Still, the creative teams are decent. They sound like reasonably promising titles. And DC is clearly getting behind them - there's been plenty of publicity for them, with prominent listings in Previews, and excerpts in all the DC comics. DC seems to have faith in the project.
They'll need that level of backing, because DC Focus is going to be a tough sell. Completely new characters are never easy to market, and none of the creators involved are going to deliver huge audiences on name value alone. The obvious question is, who do DC expect to buy these comics?
'Eye Of The Storm launched with great publicity and proceeded to bomb.' They're not mature readers comics, which suggests a general audience. On the other hand, the references to grittiness and realism, and the involvement of writers like Gerber and Tischmann, suggest that the line is being pitched at a slightly more intellectual level than the mainstream DC line.

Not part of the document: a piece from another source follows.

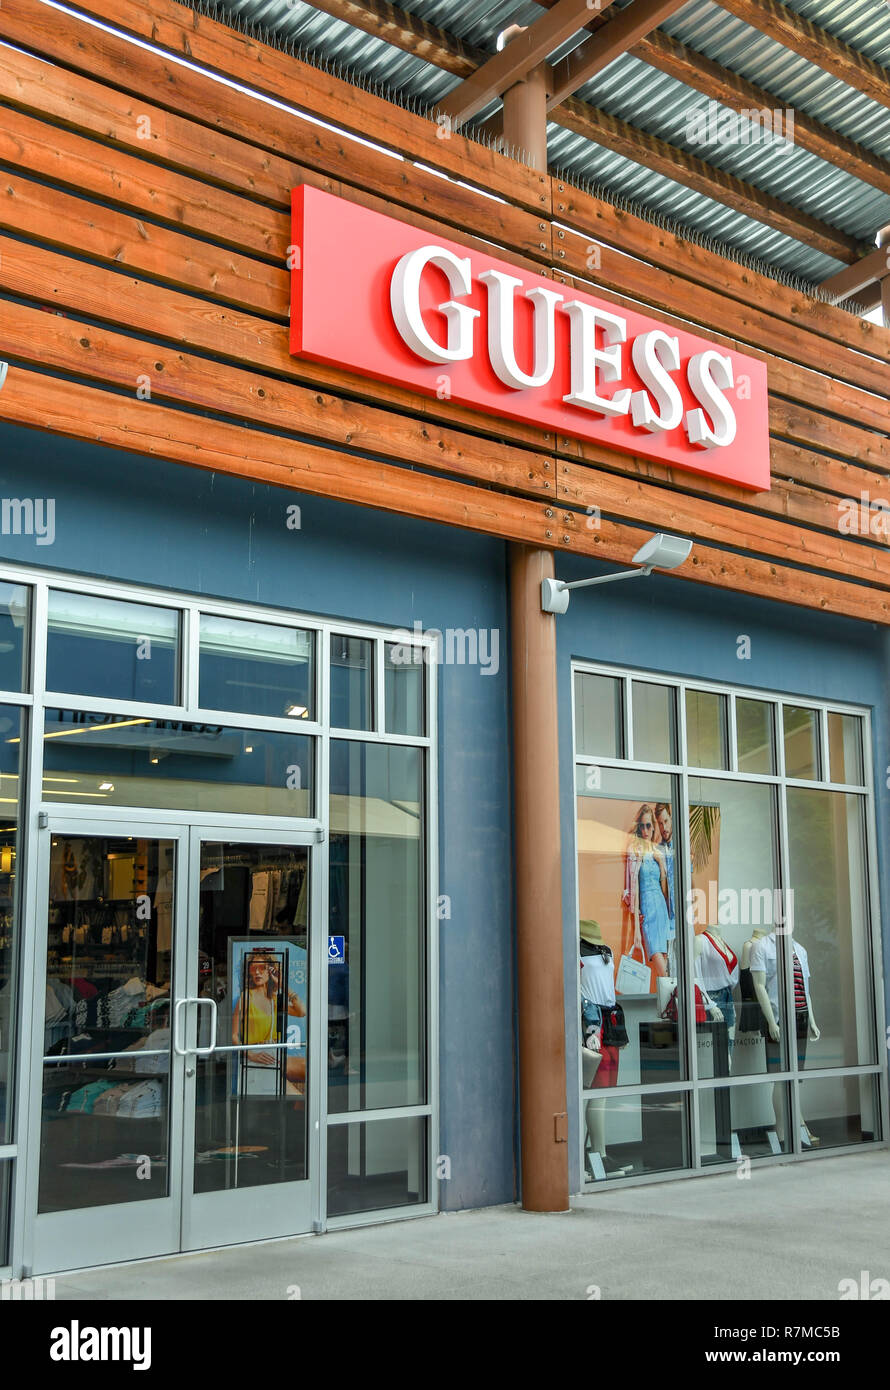 SEATTLE, WA, USA - JUNE 2018: Exterior view of the Guess store at the Premium Outlets shopping mall near Seattle. Stock Photo

Yet, however much DC stress that it's a no-superhero line, it's still a set of books involving superpowers. And, as the premise of KINETIC seems to acknowledge, it can't escape the shadow of the superhero genre. The moment you bring in superpowers as a key concept, you're aiming at the classic direct market audience.

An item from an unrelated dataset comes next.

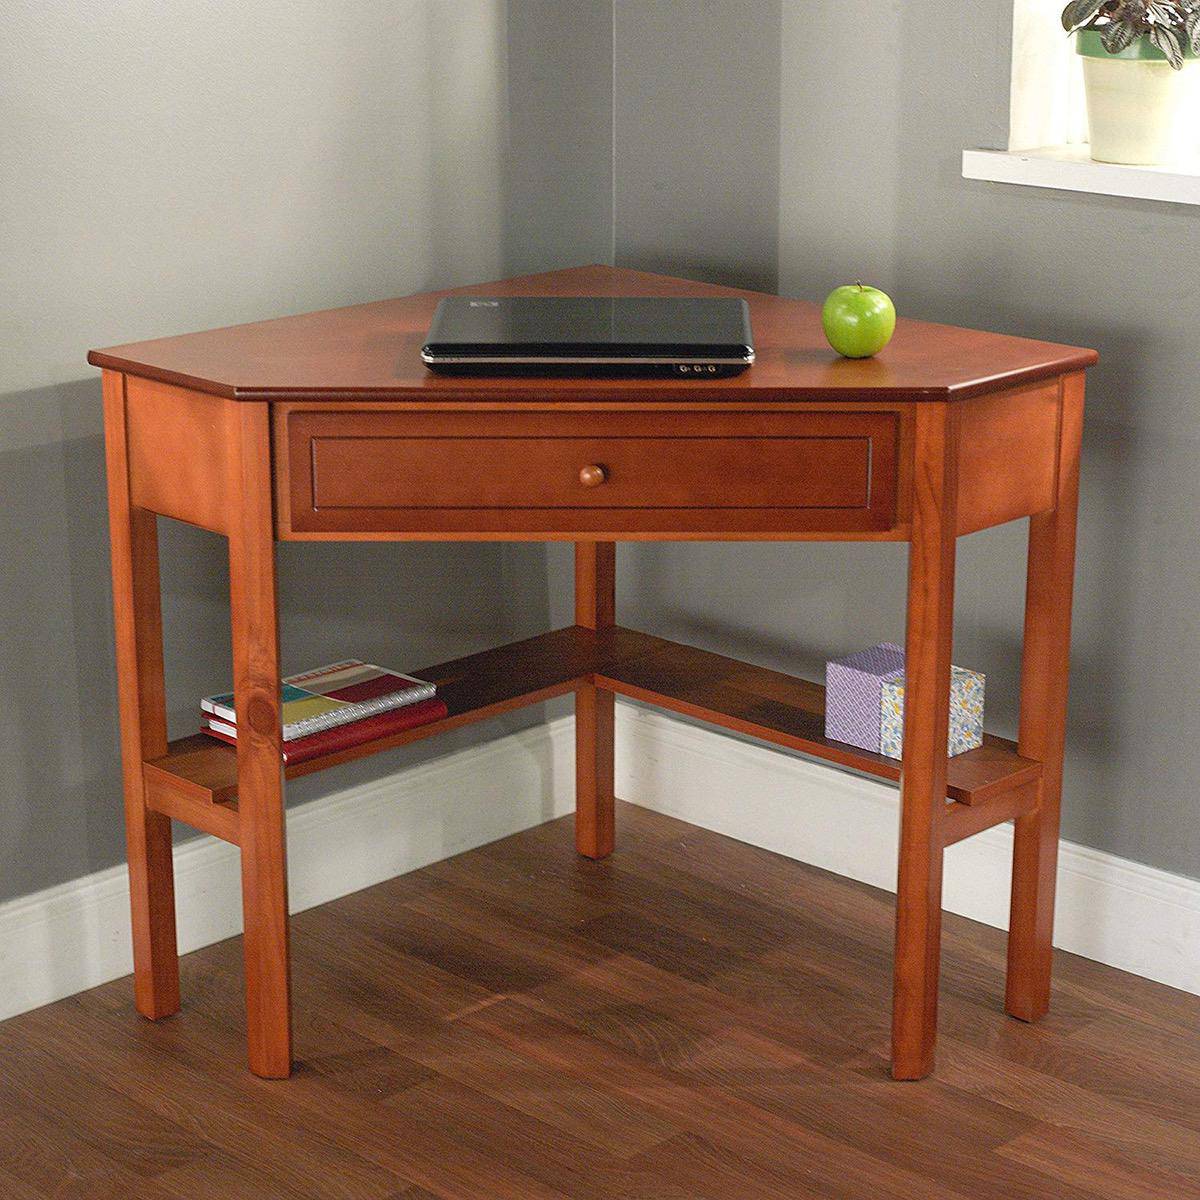 Save Your Space with This Corner Writing Desk

Intelligent, alternative comics for the discerning superhero reader, then? But if that's the idea, then lurking in the background is the spectre of DC's existing mature superhero line, Eye Of The Storm. Eye Of The Storm was launched with great publicity and proceeded to bomb immediately. Of course, there are numerous reasons for that - the hopeless misjudgement of the WildStorm audience, the mess DC made of AUTHORITY, the ultra-niche appeal of titles like AUTOMATIC KAFKA. DC Focus is starting from scratch, which may perversely make it easier to attract the sort of audience it wants. Nonetheless, in sales terms, similar comics haven't done terribly well.
It's interesting that DC has chosen DC Focus as its main push at the moment. On the one hand, you've got to admire the nerve of giving so much effort to a clearly uphill fight - launching four completely new titles with no established fanbase at all. But then again, maybe DC has just got an extraordinarily optimistic view of the market. These look very much like titles whose primary appeal will be to the existing direct market audience (and even then, only a fairly small segment). Producing decent books for that audience is all well and good, so far as it goes. But it's a strangely marginal project to be getting quite so much attention.
Maybe those at DC see more commercial potential in these titles than I do - after all, they've had the advantage of reading them. Maybe they see film potential, or bookstore audiences (though western-style comics with superpowers hardly seem the best way to reach that market). Personally, I'm looking forward to reading the books. But then, I fall into a rather narrow demographic - the sort of people who read SLEEPER. That strikes me as the natural audience for these titles. They have the hallmarks of a line destined for critical acclaim and tiny sales.
DC must be seeing more than that, given the amount of promotion DC Focus has received. But from what we've seen so far, DC may be being optimistic.